Quanto à insistência de Meneses e de Santana em falar do Orçamento de 2005, em vez de discutir o de 2008, faz todo o sentido. O PSD que eles representam não deseja ser uma alternativa diferente ao PS: quer ser apenas o seu herdeiro natural. Daí a fúria com que Meneses, o suposto "populista", puxou brilho às medalhas do seu sentido de Estado em matéria de impostos e de referendo europeu. No fundo, os líderes do PSD gostariam de ter feito o que o PS fez nos últimos anos, e sobretudo gostariam de fazer o que suspeitam que o PS vai fazer nos próximos. Daí a confusão das suas investidas contra Sócrates: exigem cortes da despesa, mas criticam os cortes na despesa; lamentam a subida dos impostos, mas pedem garantias de que os impostos não vão descer. Acusam o Governo de insensibilidade social, e logo a seguir de eleitoralismo. Convinha-lhes que as coisas estivessem a correr mal de um modo mais óbvio.
Como a realidade não os ajuda, os líderes do PSD propõem-se ajudar a realidade. "Desmontar" é, hoje, a palavra que mais se ouve na boca da gente desta direita. Querem desmontar tudo: o Orçamento, o défice, as reformas. Provar que as propostas estão erradas, os resultados são falsos e as mudanças mais urgentes foram adiadas. Por detrás deste desconstrutivismo furioso está a esperança de convencer os portugueses de que o PSD, feitas muito bem as contas, é preferível ao PS. É a estratégia que convém a quem não quer nem pode separar-se das políticas do PS. Daí que muita gente, à direita, acredite que o PSD se devia concentrar na "desmontagem" da actualidade e que é um erro voltar ao passado.

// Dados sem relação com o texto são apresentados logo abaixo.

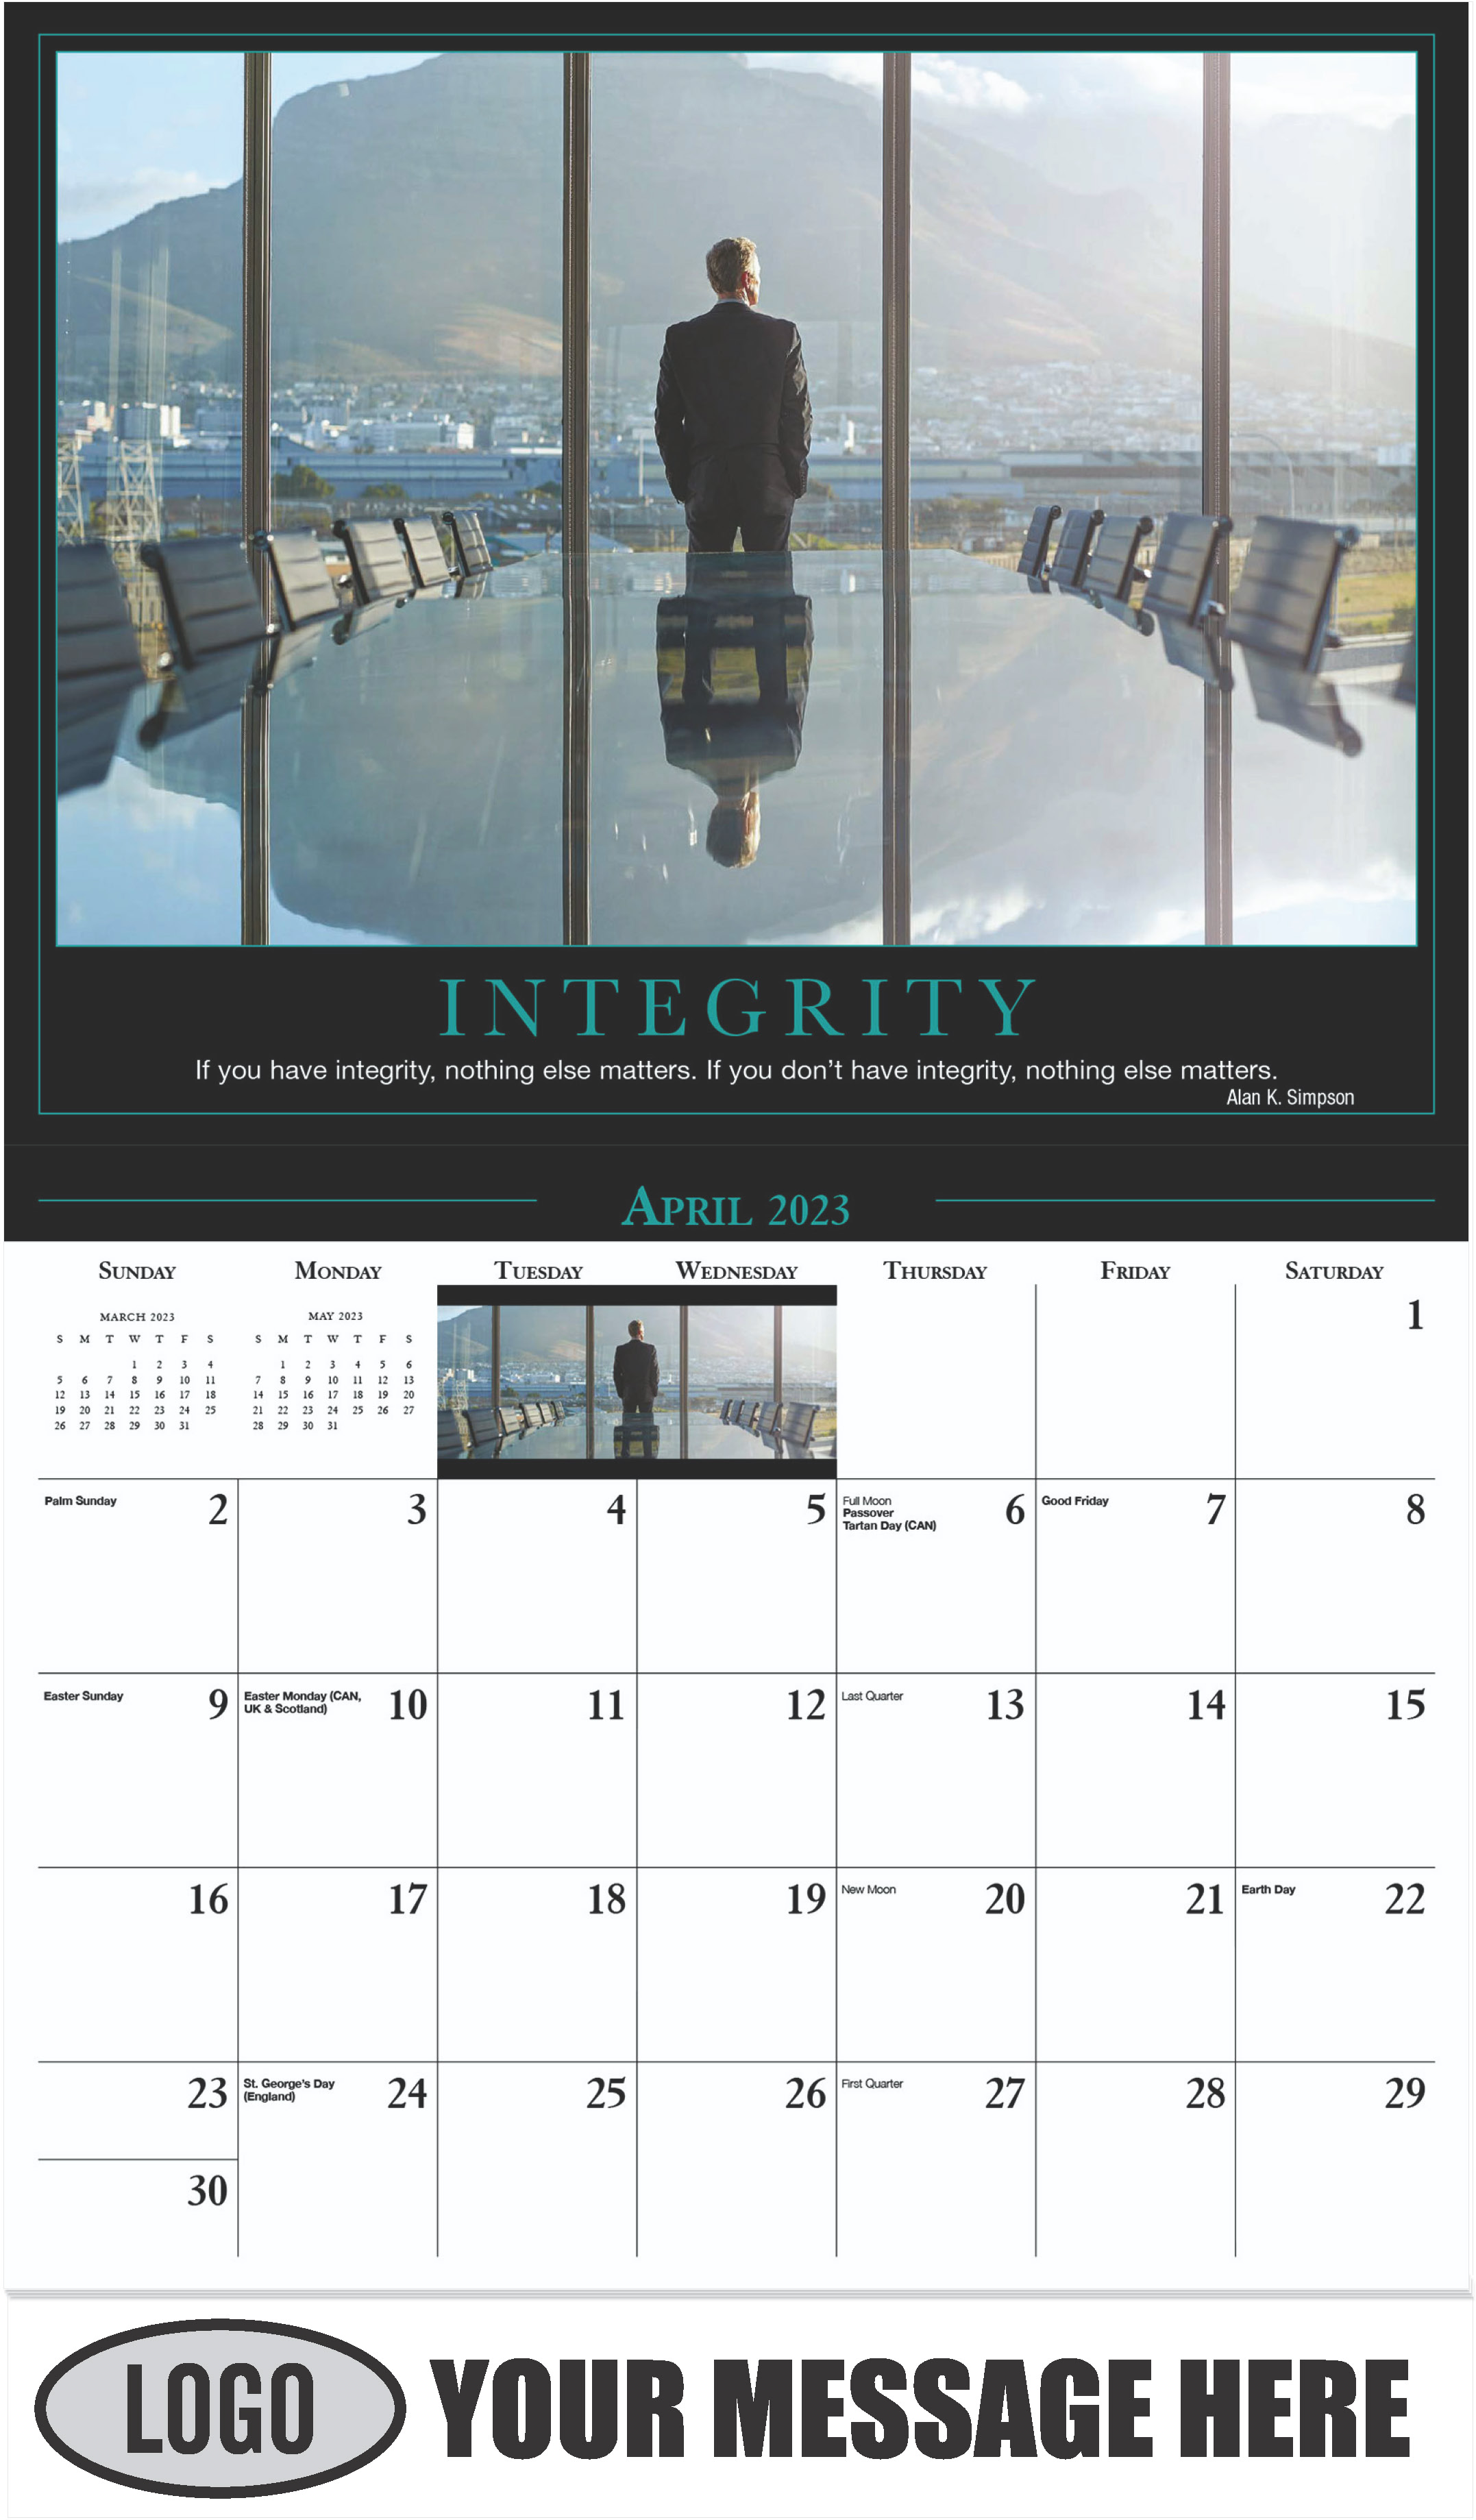 INTEGRITY ''If you have integrity, nothing else matters. If you don't have integrity, nothing else matters.'' - Alan K. Simpson - April - Motivation 2023 Promotional Calendar
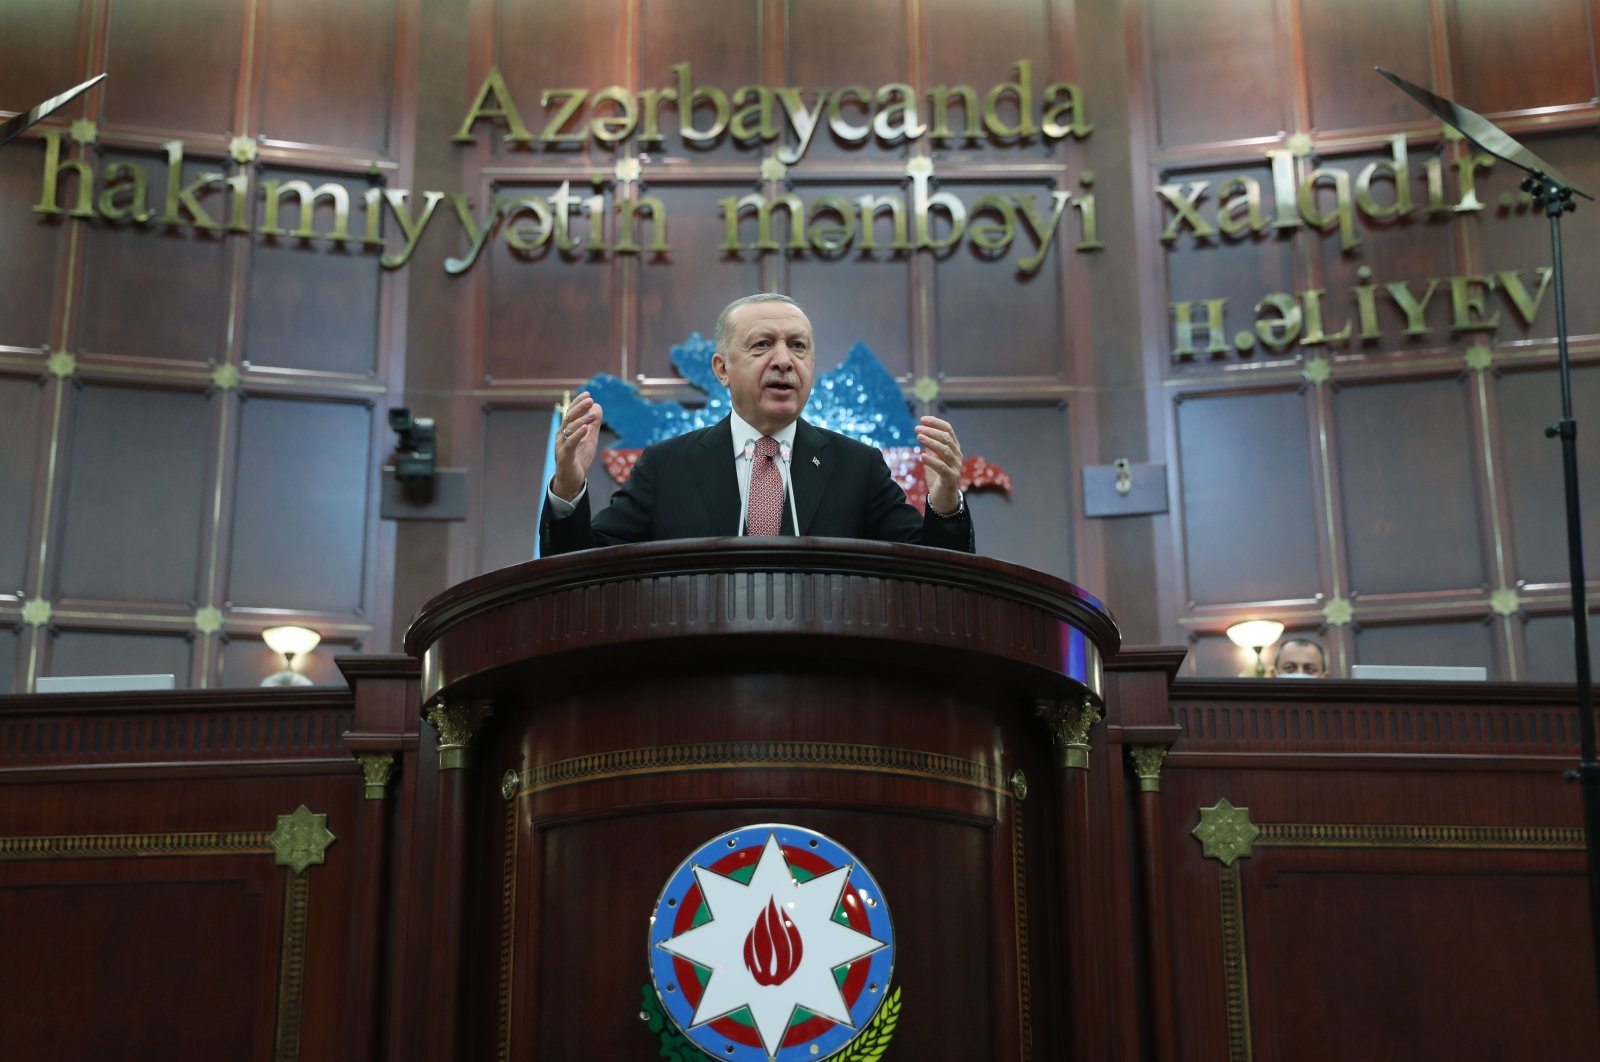  President Recep Tayyip Erdoğan addresses Azerbaijan's National Assembly in the capital Baku, Azerbaijan, June 16, 2021. (AA Photo)

Só que a história recente não é, para estes líderes do PSD, uma opção: é uma fatalidade. Não chega provar que o PS é mau. É necessário ainda provar que o PSD foi bom. Porque o crédito do PS foi feito à custa do descrédito do PSD em 2002-2005 - e que não afectou apenas Santana. Pior: o PS não vai deixar o passado descansar, tal como Durão Barroso não deixou em 2002-2004. Para Barroso, o "pântano" de Guterres foi o maior trunfo em todos os debates - exactamente como agora a "trapalhada" é para Sócrates. Meneses e Santana sabem que a possibilidade de êxito em 2009 depende da sua capacidade para "desmontarem" também a história de 2002-2005. Preparem-se, portanto, para ouvir falar do passado nos dois anos que aí vêm. Com esta classe política, que outra coisa esperar?